(YOUR ASSIGNMENT) The lines from the one containing "Avène Les Essentiels" through the last line below, both ends included, must be reproduced exactly, with no pictures.

(DATA PROVIDED)
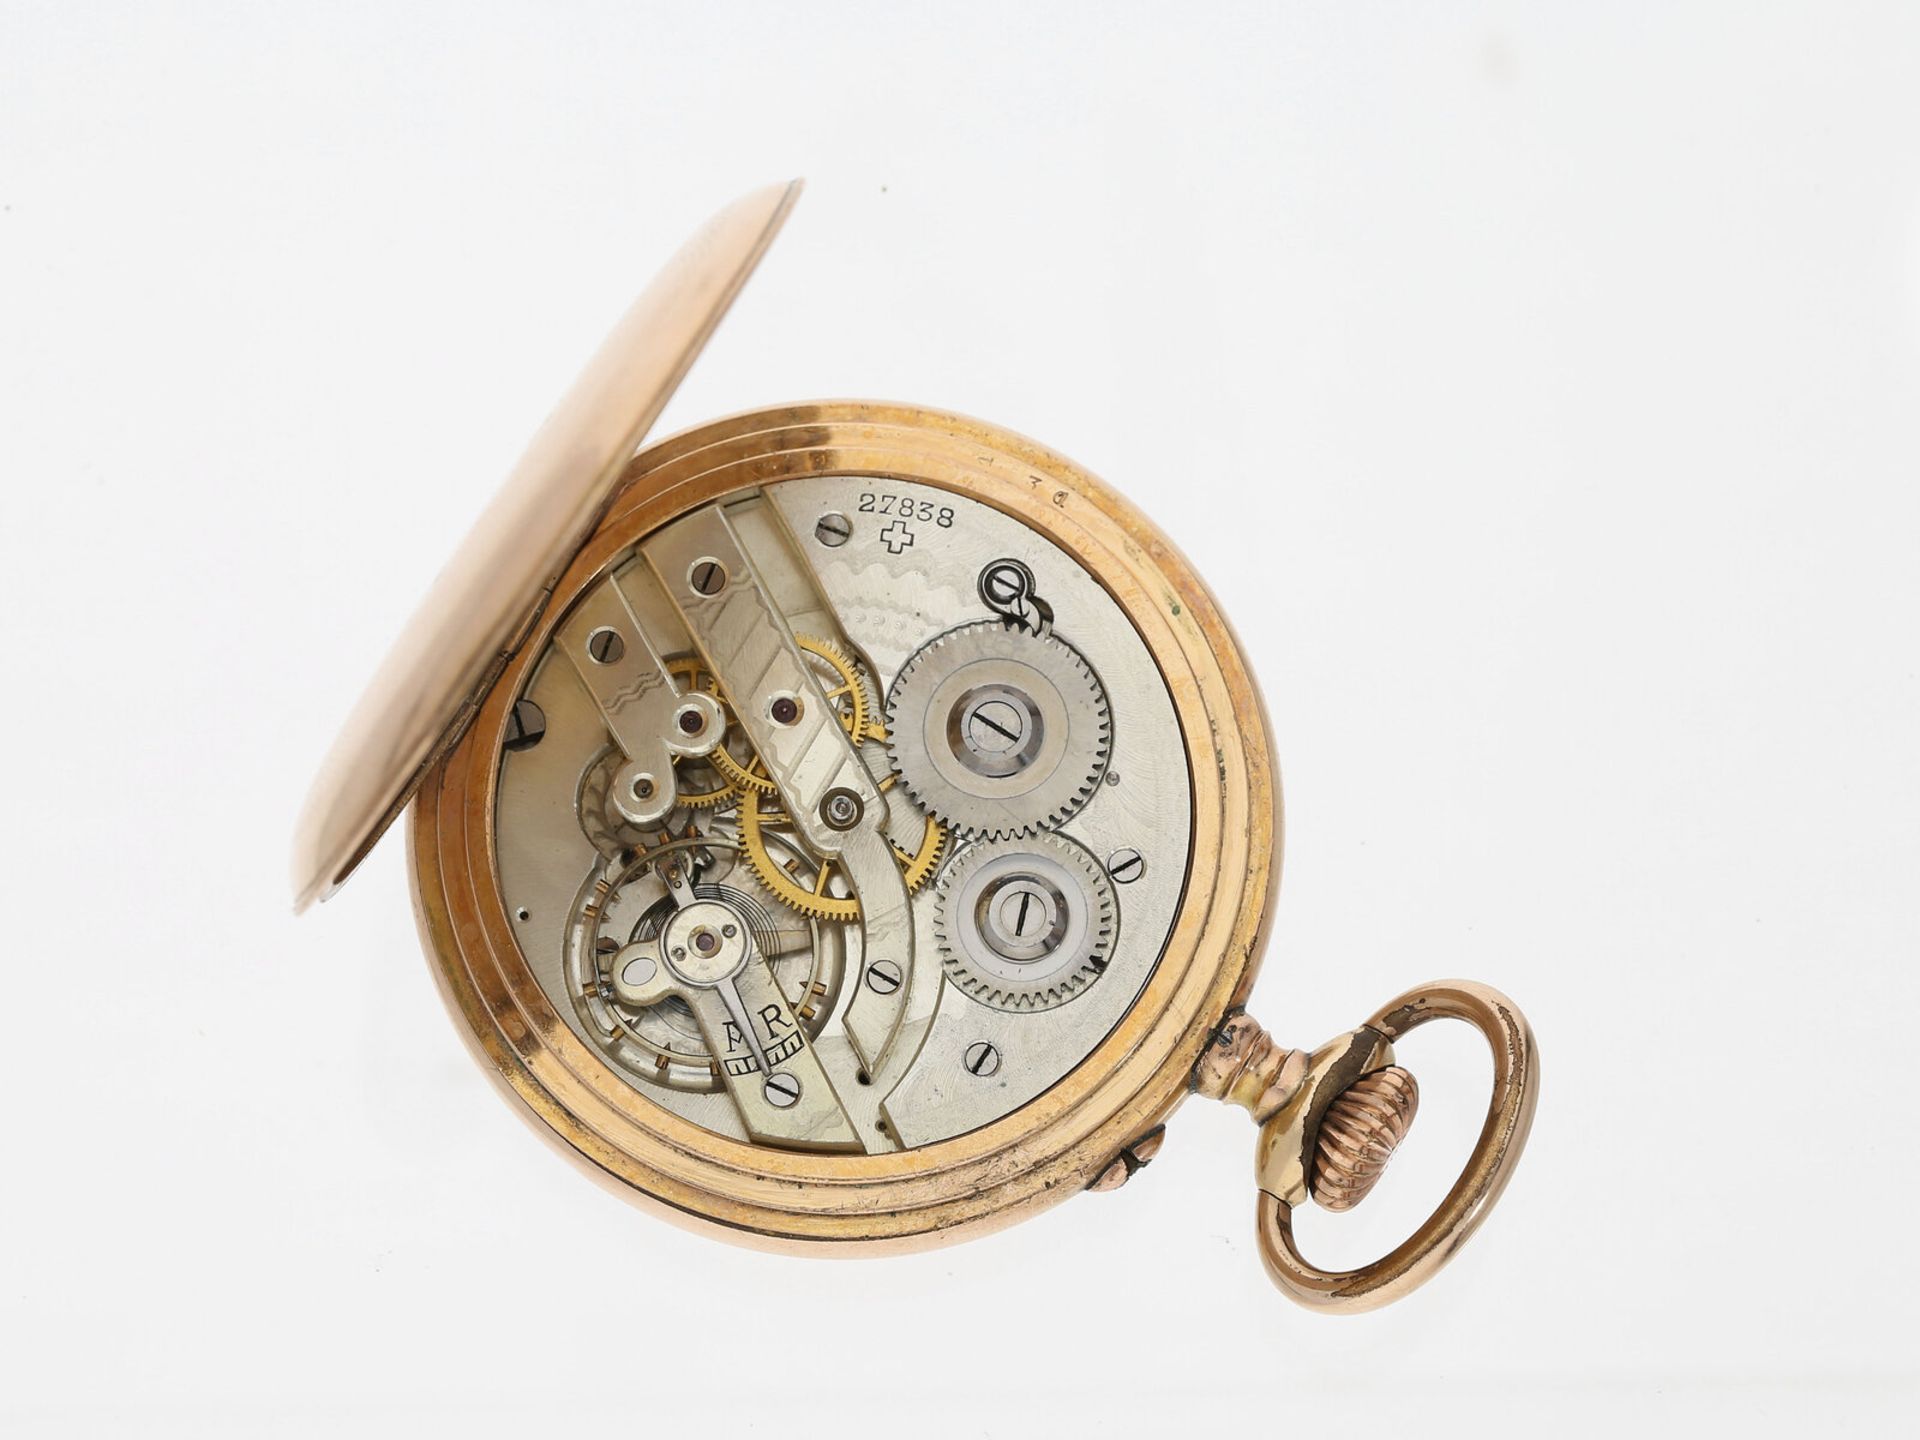 Taschenuhr: technisch interessante Taschenuhr mit springender Stunde und retrograder Minute, Moderni - Bild 3 aus 3
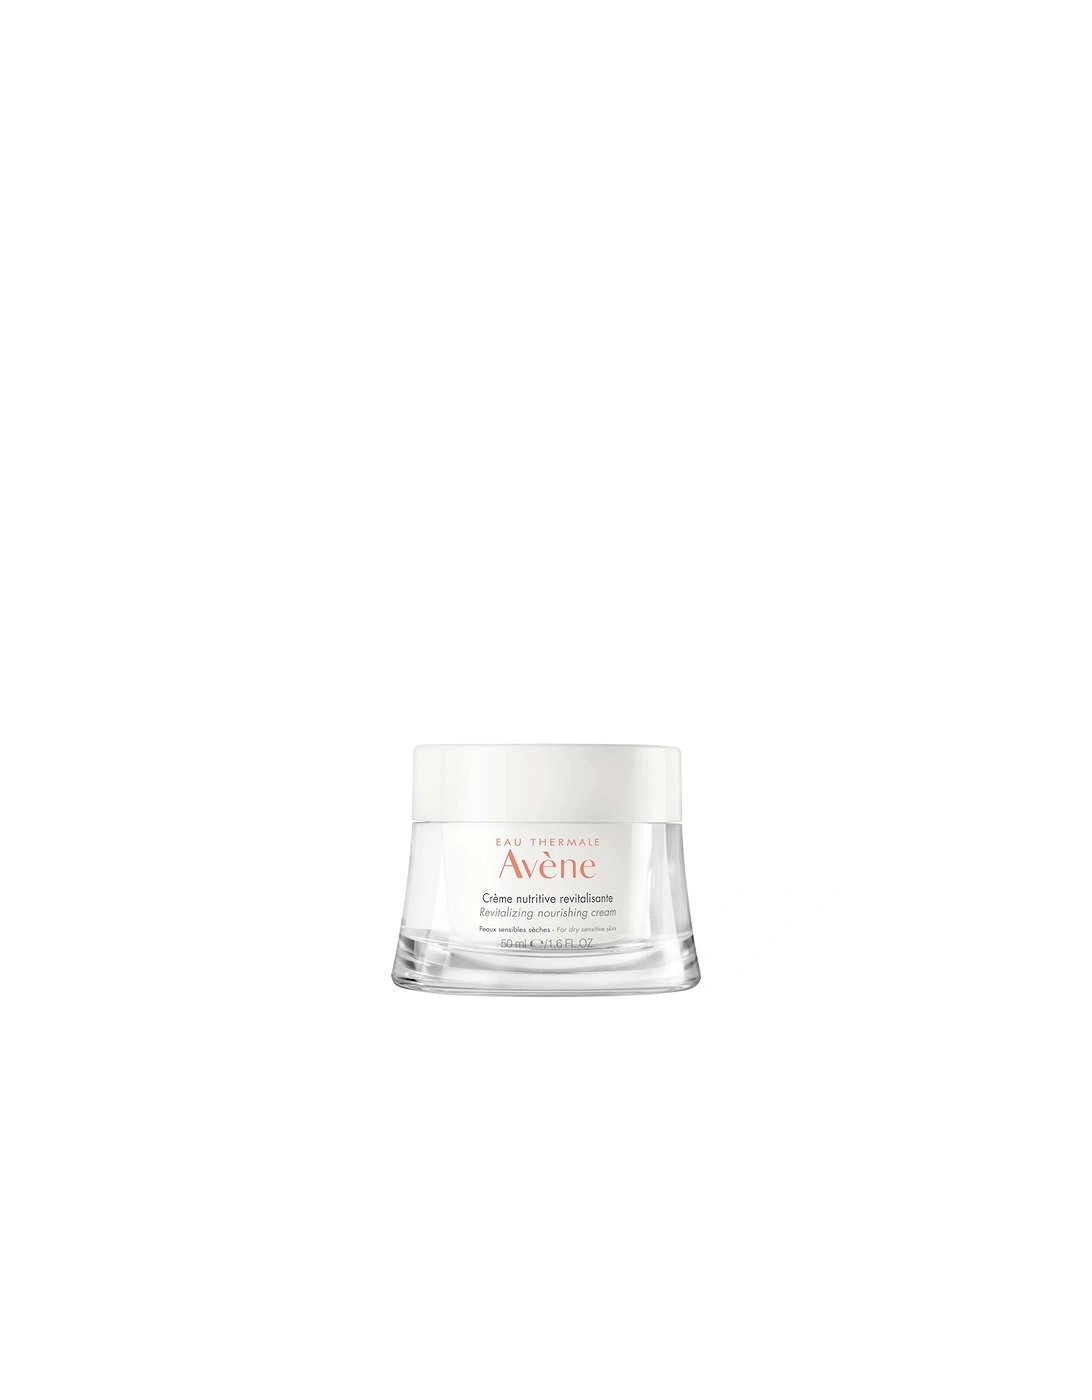 Avène Les Essentiels Revitalizing Nourishing Cream Moisturiser for Dry, Sensitive Skin 50ml - Avene, 2 of 1
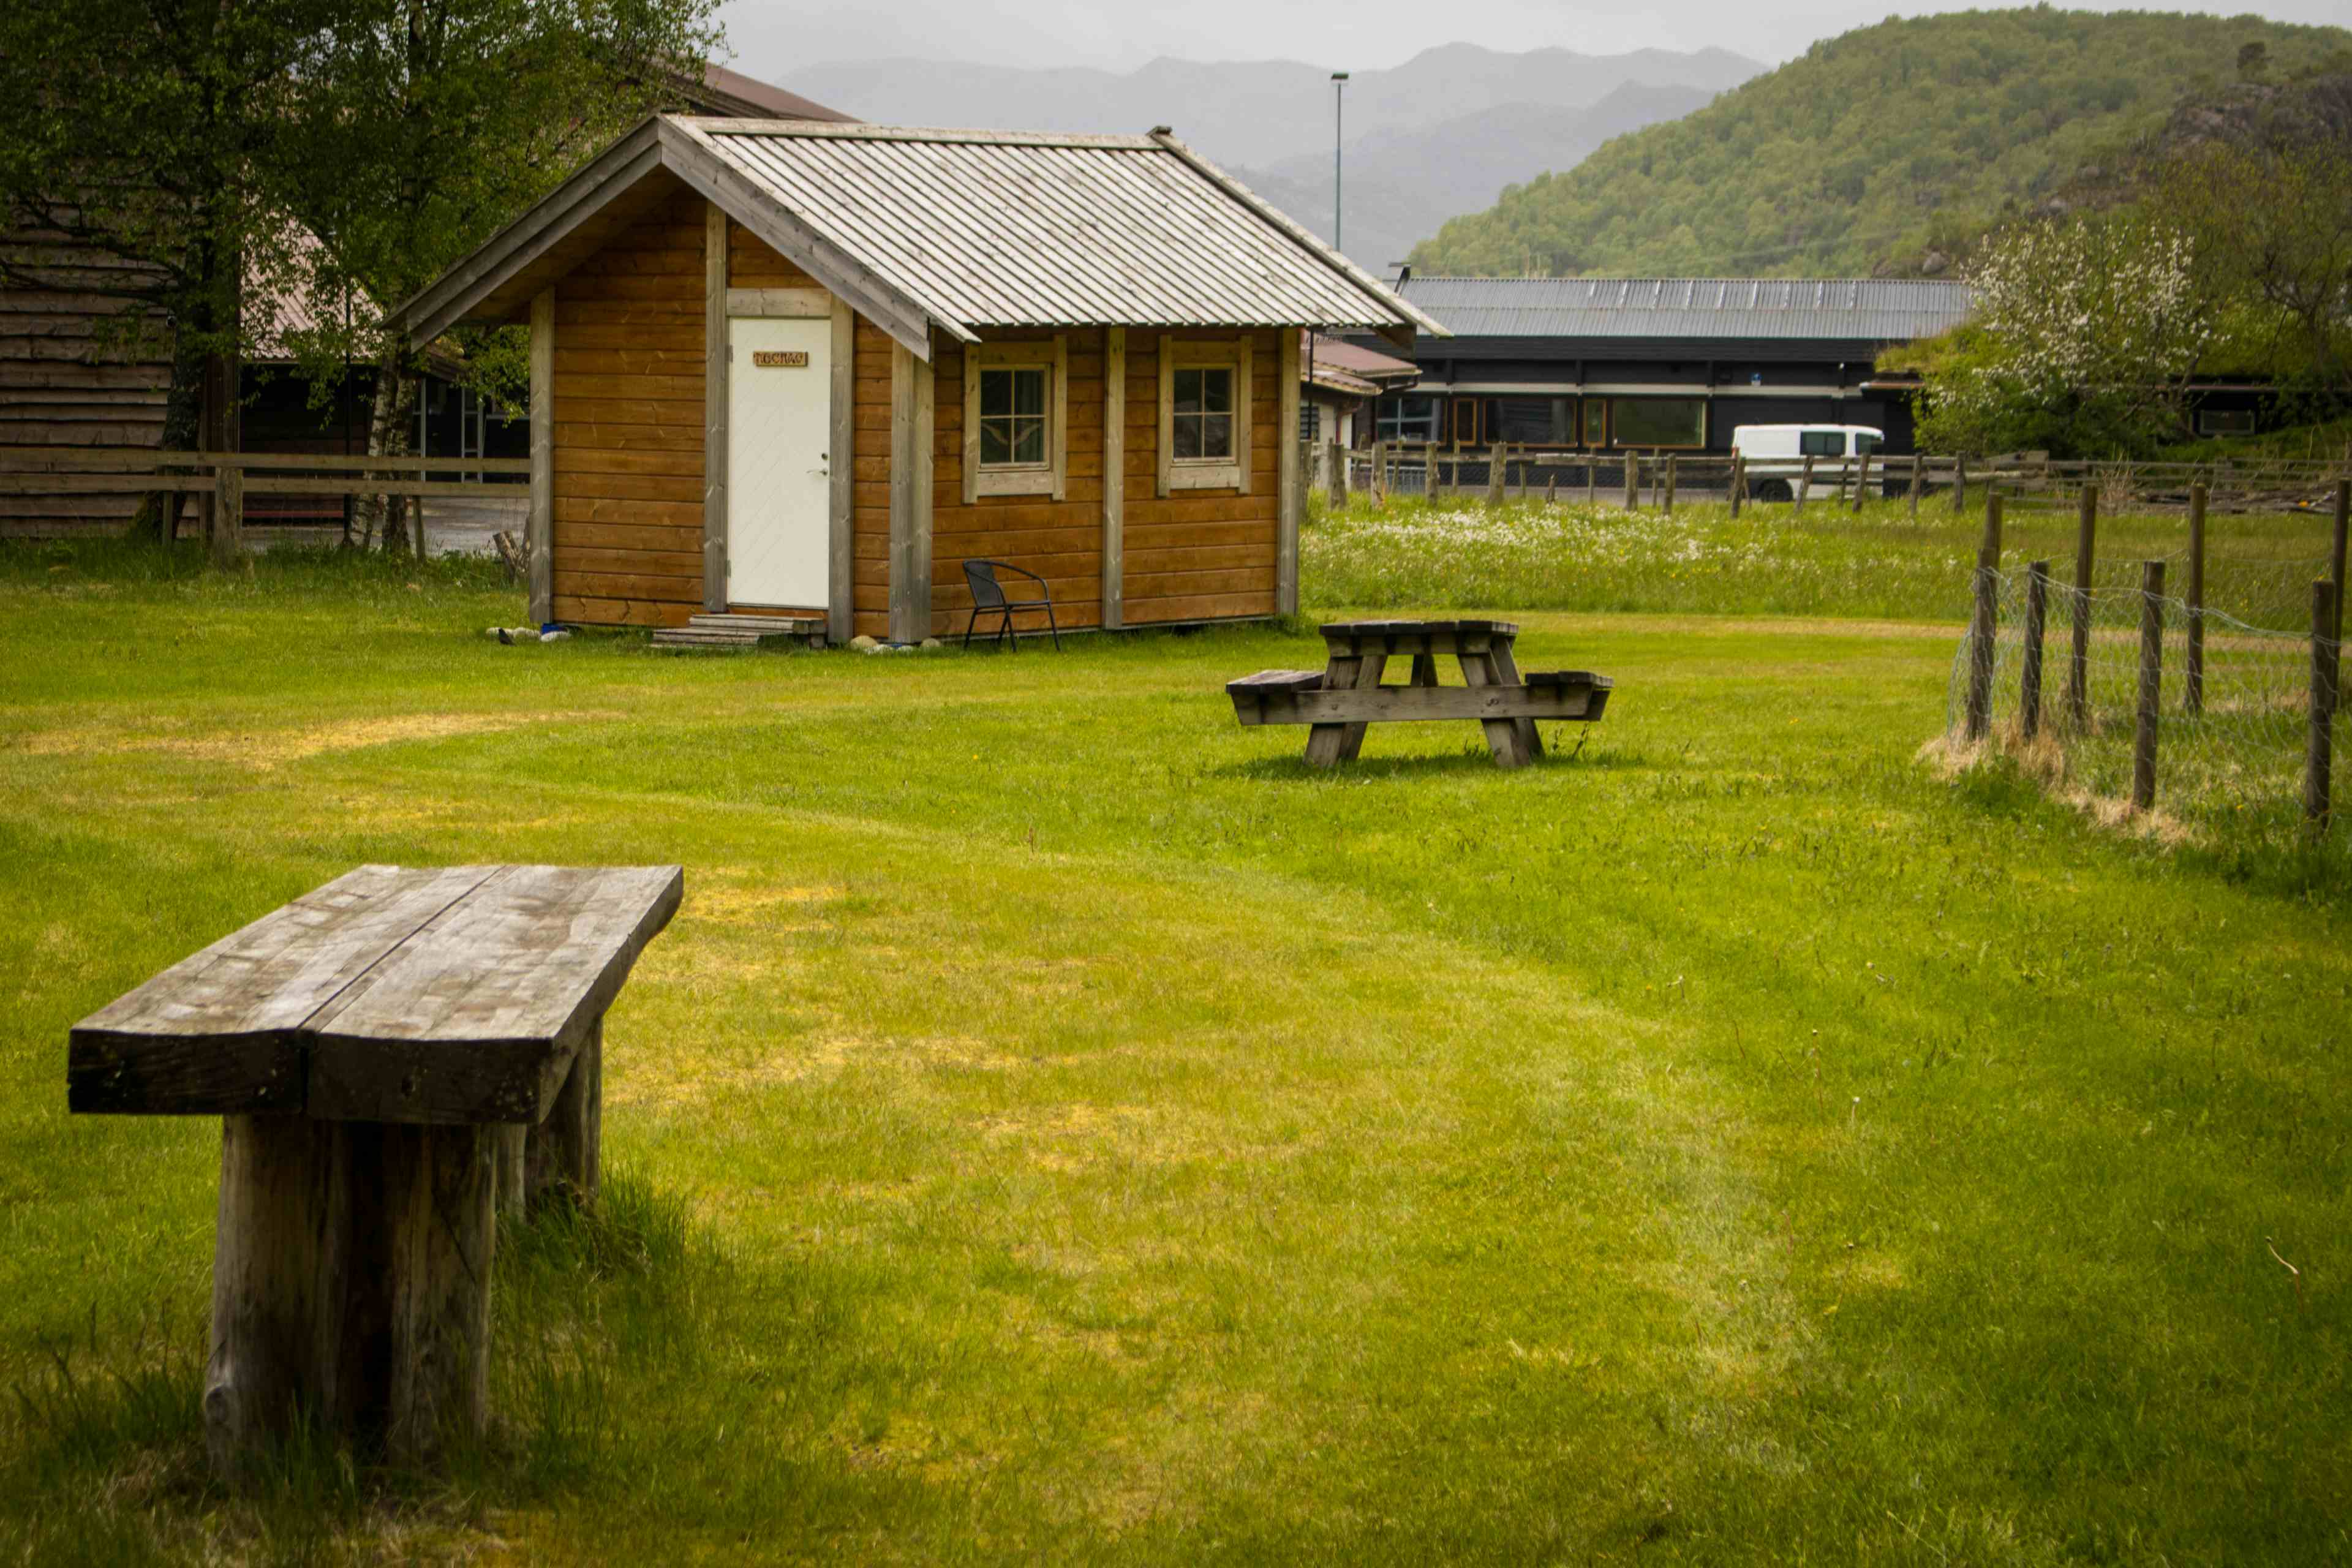 To hytter og sanitæranlegget i bakgrunnen og et grønt område med benker og bord i forgrunnen.

(YOUR RESPONSE)
 Avène Les Essentiels Revitalizing Nourishing Cream Moisturiser for Dry, Sensitive Skin 50ml - Avene, 2 of 1
 To hytter og sanitæranlegget i bakgrunnen og et grønt område med benker og bord i forgrunnen.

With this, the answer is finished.